Akwaboah stepped on the ball in the middle of the field before teeing up freshman Joshua Hwang, who got his laces through it from inside the area. The shot, which was on frame and heading for the back of the net anyway, took a slight deflection, which made it all the more unsavable as Millburn took a 1-0 lead with 16:22 left in the first half.

Cliffside's Randy Alburez hit the corner kick that led to the equalizer and the PK that ended the game.

While Millburn (7-8) was buzzing around in the first half and stayed on the front foot at the start of the second, Cliffside eventually took the game over. Lured into long balls often early, the Raiders started to move the ball quickly along the ground, which put increasing pressure on a Millburn defense that naturally sagged a bit as it tried to protect its lead.

Cliffside (14-3-3) had three good looks on the same sequence 12 minutes after halftime when Isaac Ulloa laid a pass back for Quevedo, whose hammered one from the top corner of the box that was turned away by Millburn senior keeper Brayden Fischer, who then scurried for the rebound and made a kick save of a Ahmet Mert follow-up attempt. Kelvin Quevedo had the final attempt of the trifecta, but his shot scooted past the right post.

Fischer, who commanded his box authoritatively all game long, punched away a throw-in with 3:30 left in the second half and it looked like one of Cliffside’s last opportunities had gone with it.
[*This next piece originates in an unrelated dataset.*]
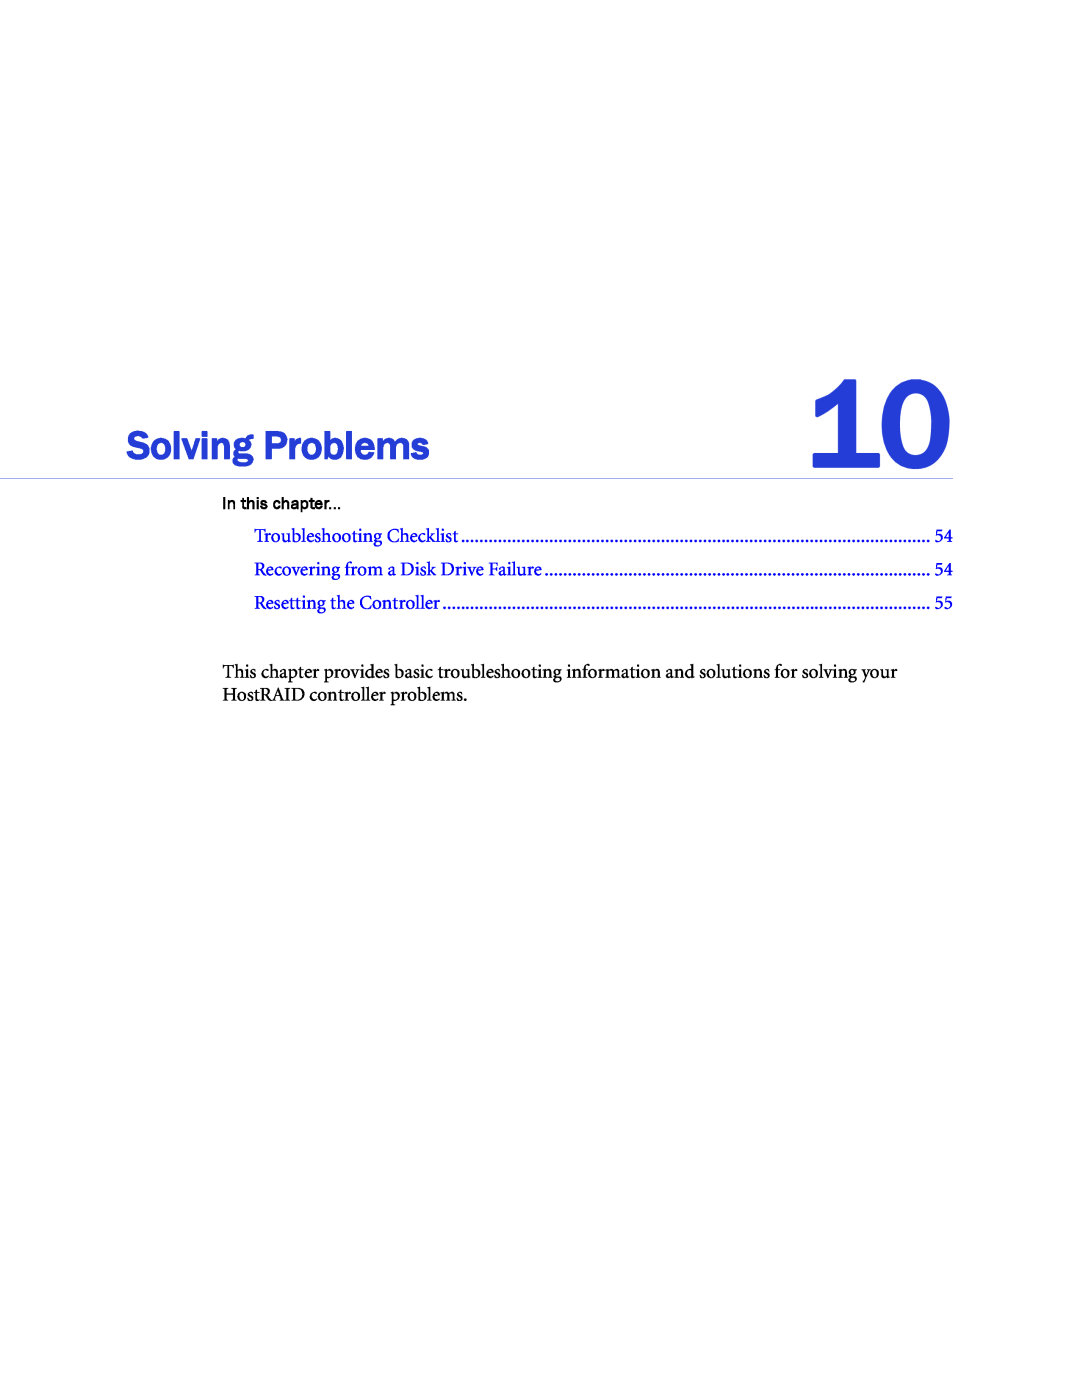 Adaptec 1220SA, 58300 Solving Problems, In this chapter, Troubleshooting Checklist, Recovering from a Disk Drive Failure

But then Kerry Quevado sold out on his diving header attempt to set up the tying goal that extended the game.

Cliffside clearly had the momentum heading into overtime and, if not for Fischer, would have won the game classily in the 85th minute. Ulloa got under the second ball off a Alburez corner and headed it toward the inside of the second post only to see Fisher, in do-or-die mode, dive over and push away the attempt that seemed destined for the net, which had been momentarily empty.

Two minutes later Millburn had its best chance to advance when, given space near the top left corner of the box, Ron Zuckerman hit one low and hard toward the first post. With top spin, the ball was always going to take that hard skip forward on the rug. It was not the toughest save Argueta ever had to make, but there were plenty of ways he could have gotten it wrong, so he stayed low behind the ball, put his arms in a V in front of him and kind of scooped the ball to the outside where it made its way down to the other end in a hurry.
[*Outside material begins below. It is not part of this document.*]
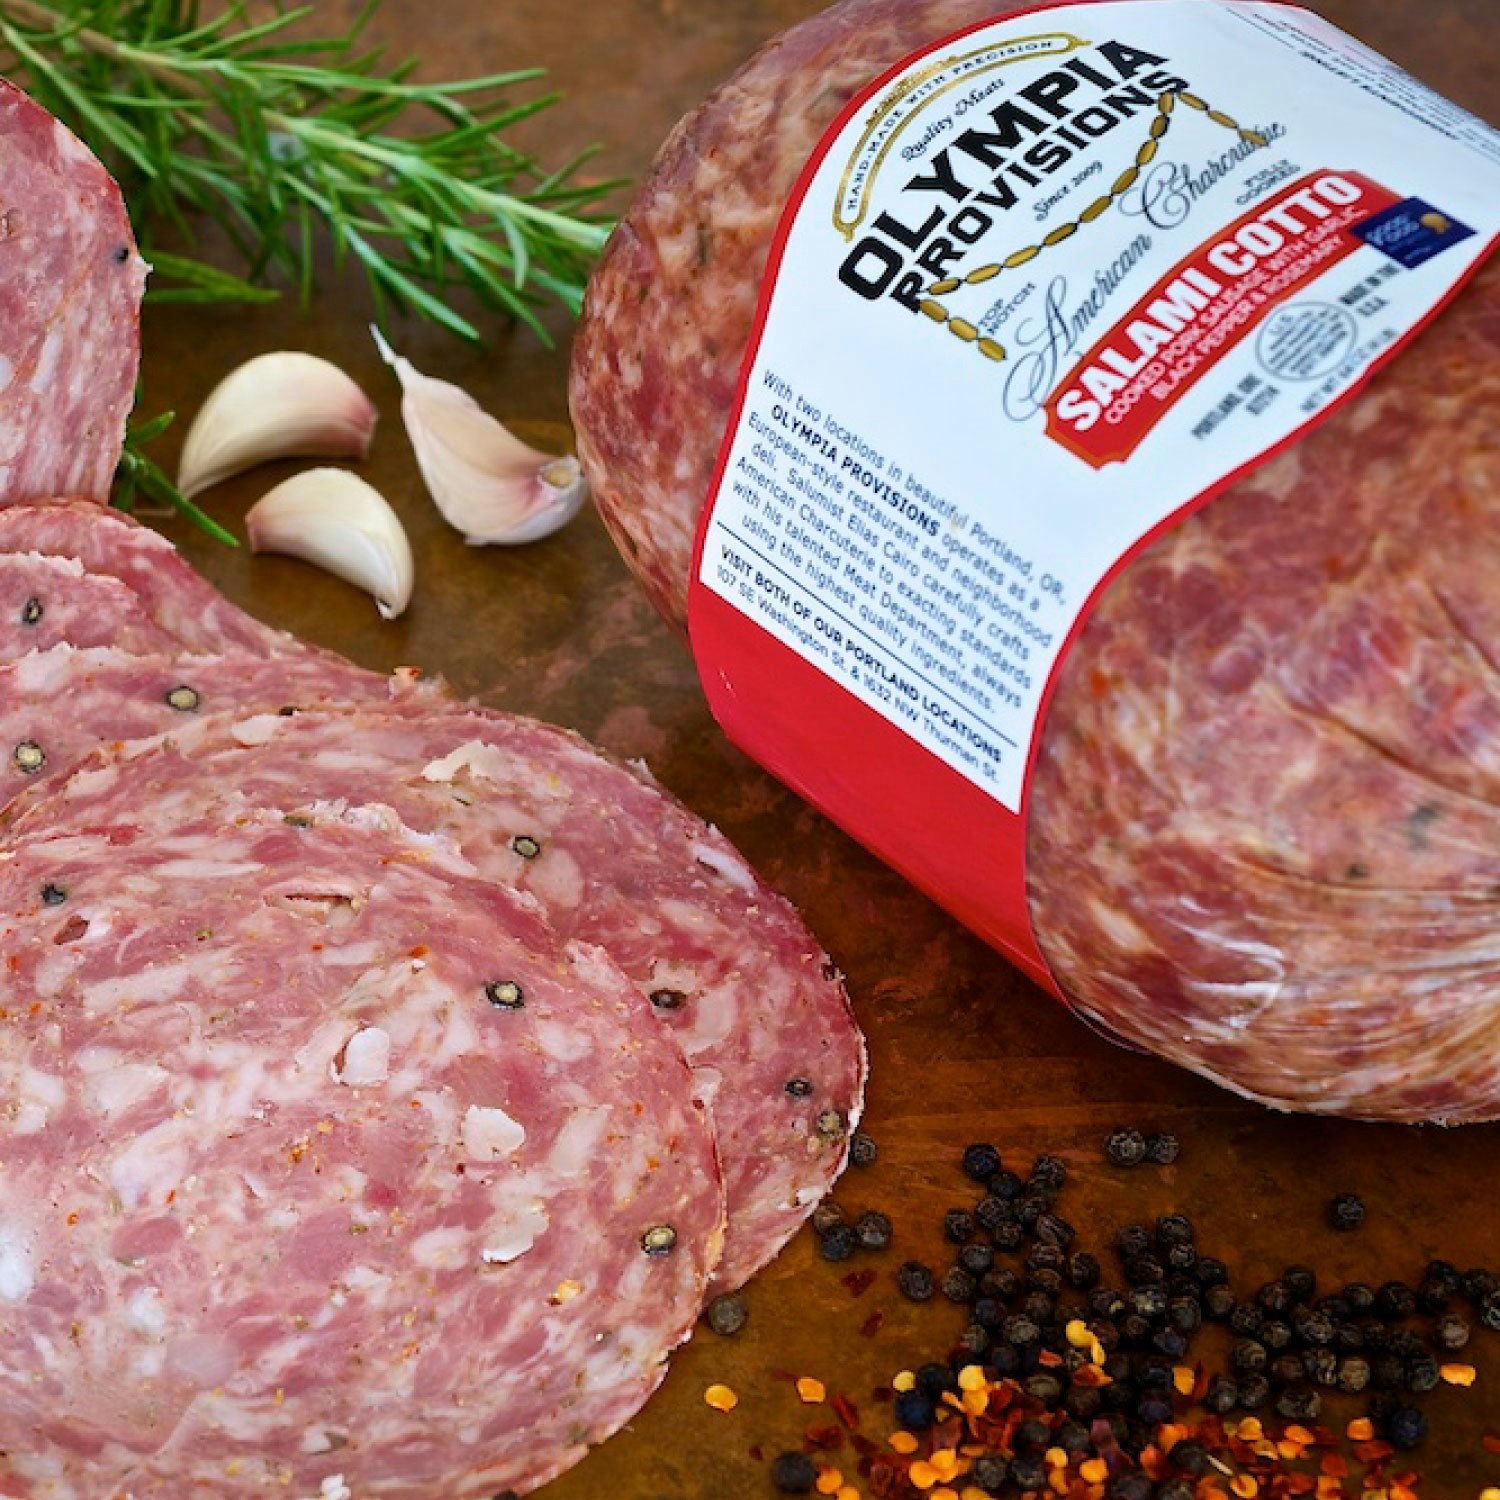 Olympia Provisions Salami Cotto meats

When the decisive cross came in, Kerry Quevedo challenged for it and then saw the hand ball happen at close range.

“I was going for the ball and me and the defender were both jumping. It took a bounce, I missed it and I guess he misjudged it, too,” said Quevedo. “It went over his head and when he turned around he hit it with his knee and then his hand. His whole hand hit it and I started claiming handball. The ref saw it too, I guess.”

He did and pointed to the spot from where it was still not a sure thing with as well as Fischer was playing in the Millburn net. Alburez was tasked with taking the PK as he has been all year.
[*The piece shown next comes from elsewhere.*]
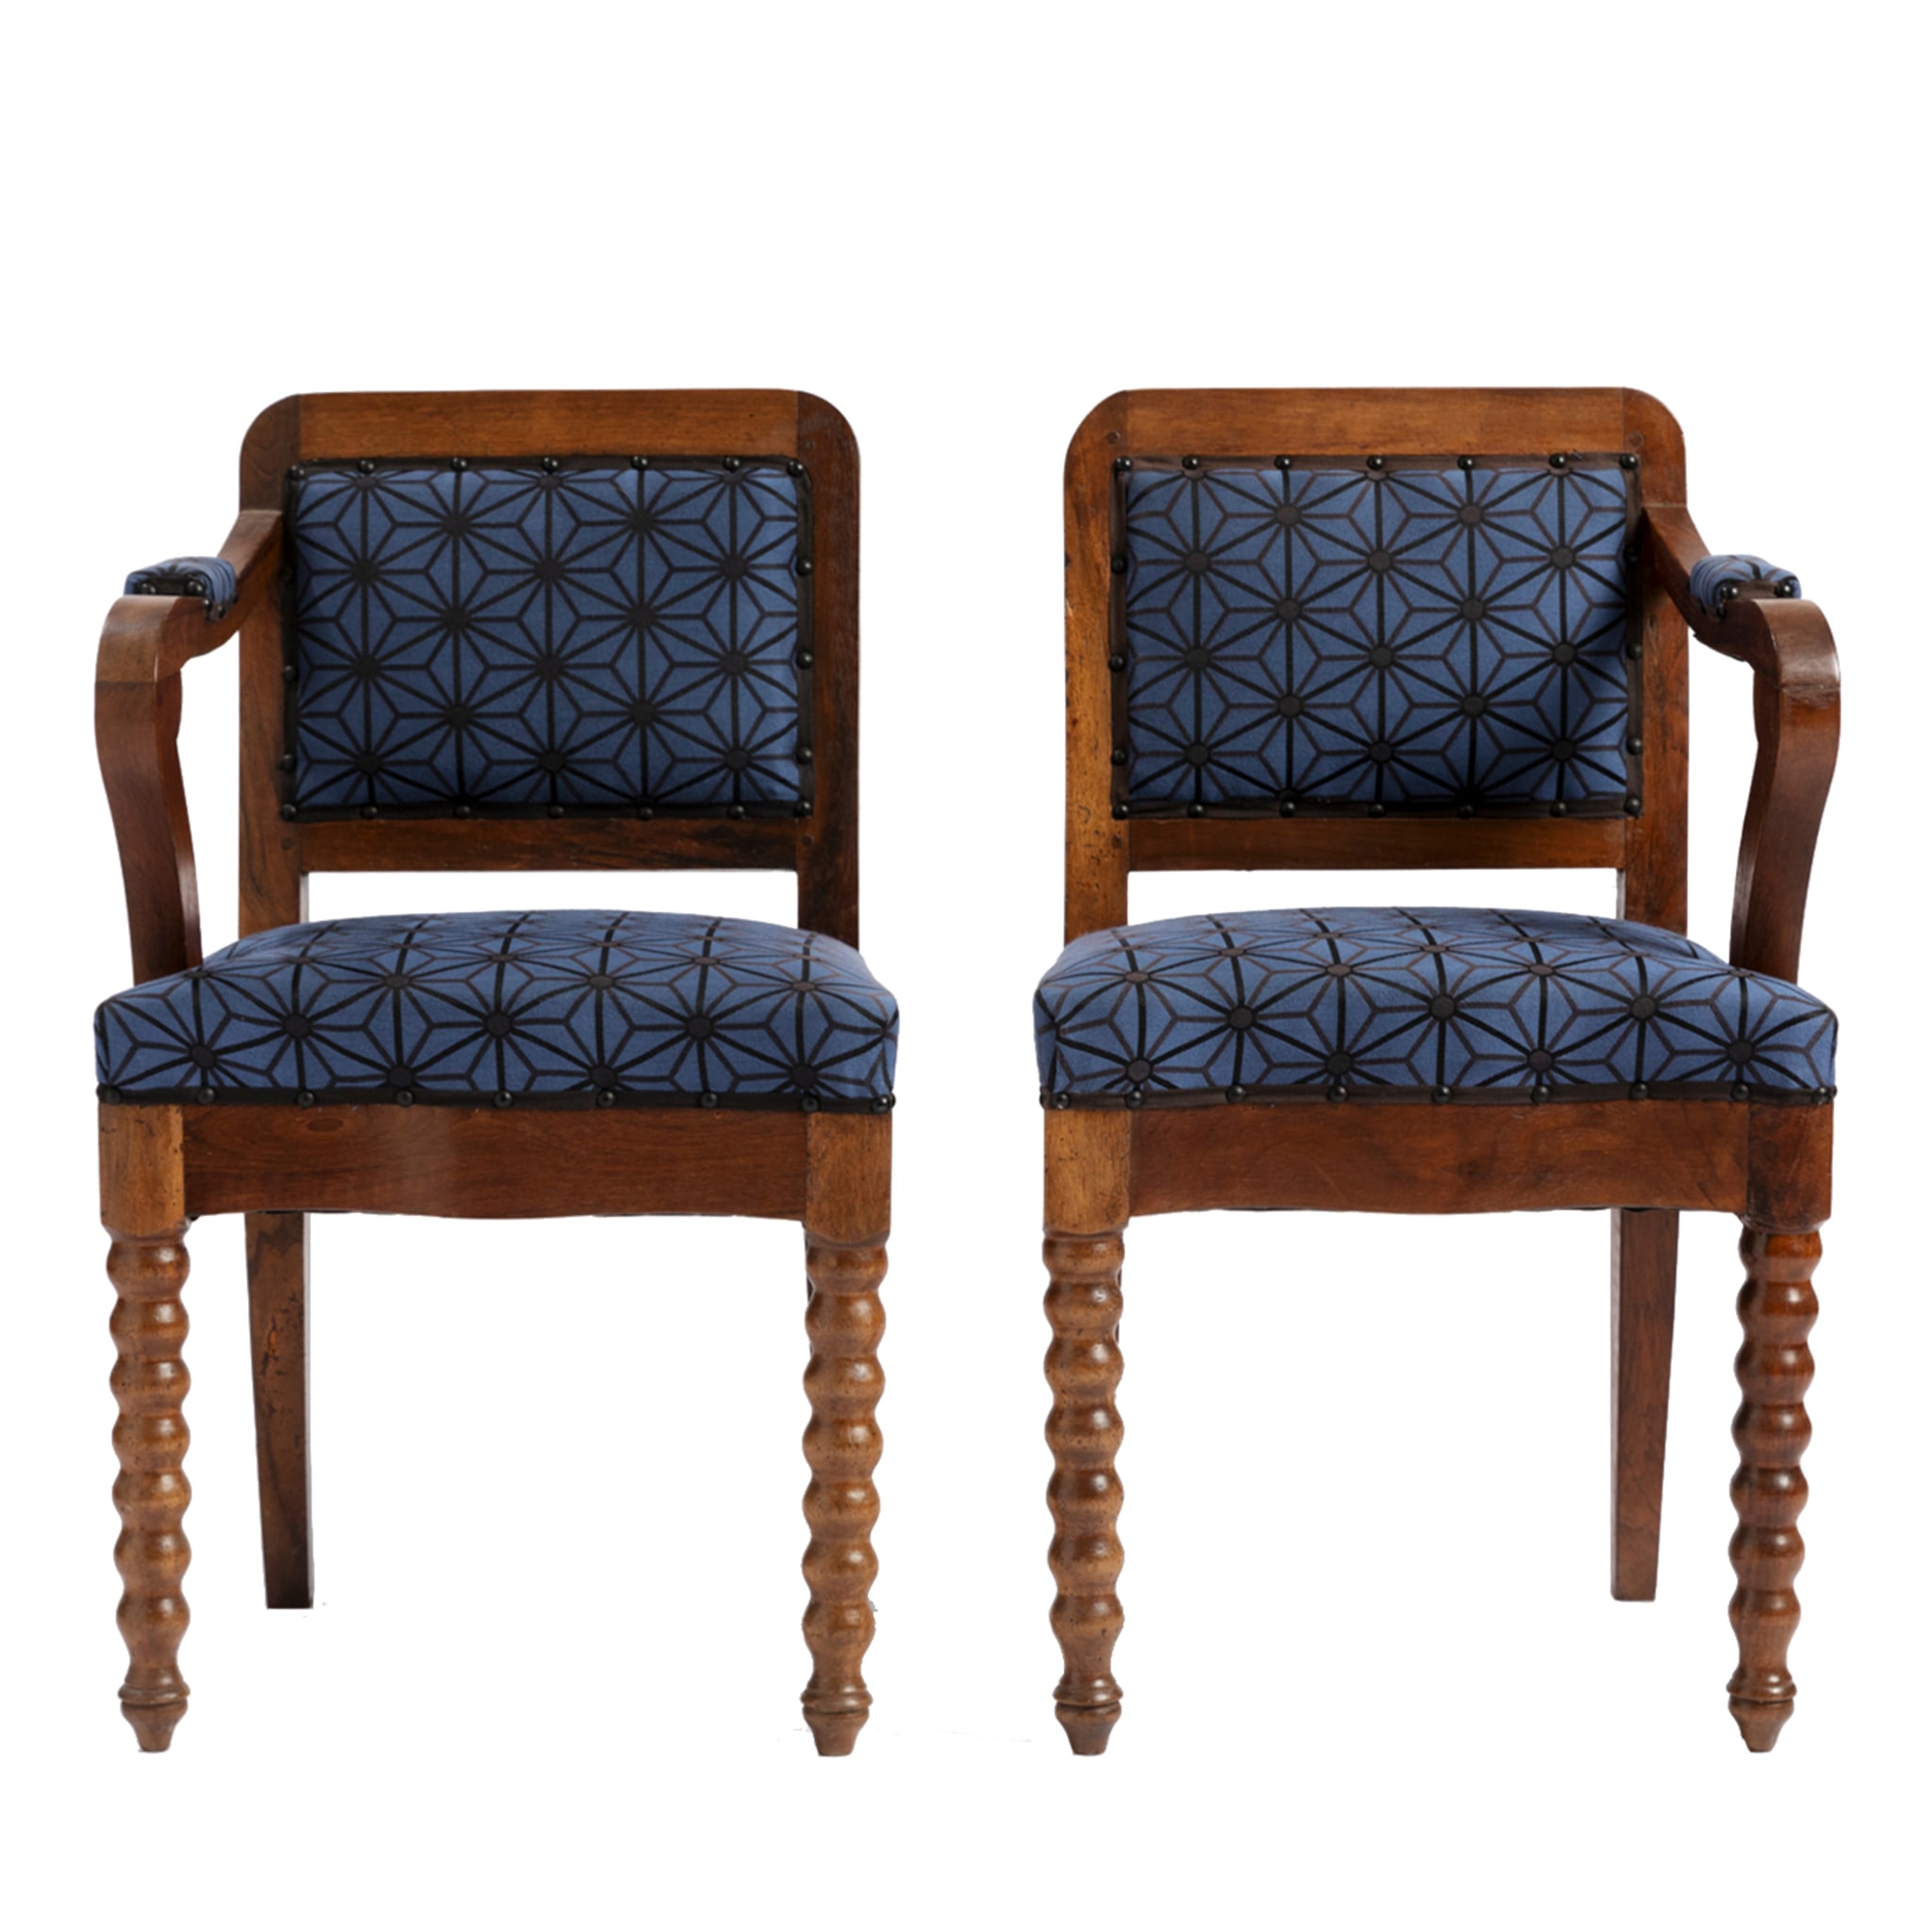 Le Chiacchiere - Set of 2 chairs - Main view

“He trusts me,” said Alburez, pointing to Cambareri, his head coach. “He has trusted me to take them all year, so I was confident when I stepped up there.”

Fischer actually guessed correctly as he laid out to his left, but Alburez pulled the okie-doke, a stutter step before striking the ball that threw off the keeper’s timing. Fischer was smothering his left post while the ball rolled in goal side of his feet to seal the victory for Cliffside.

“We had high expectations for this team, but you never know how far you are going to get and we are happy to still be included in the state tournament right now,” said Cambareri. “It’s not going to get any easier. We have Chatham in the next round, they won pretty big today and we are pretty banged up right now. This was a physical game, but we have a few days to recover and hopefully we come back strong on Monday.”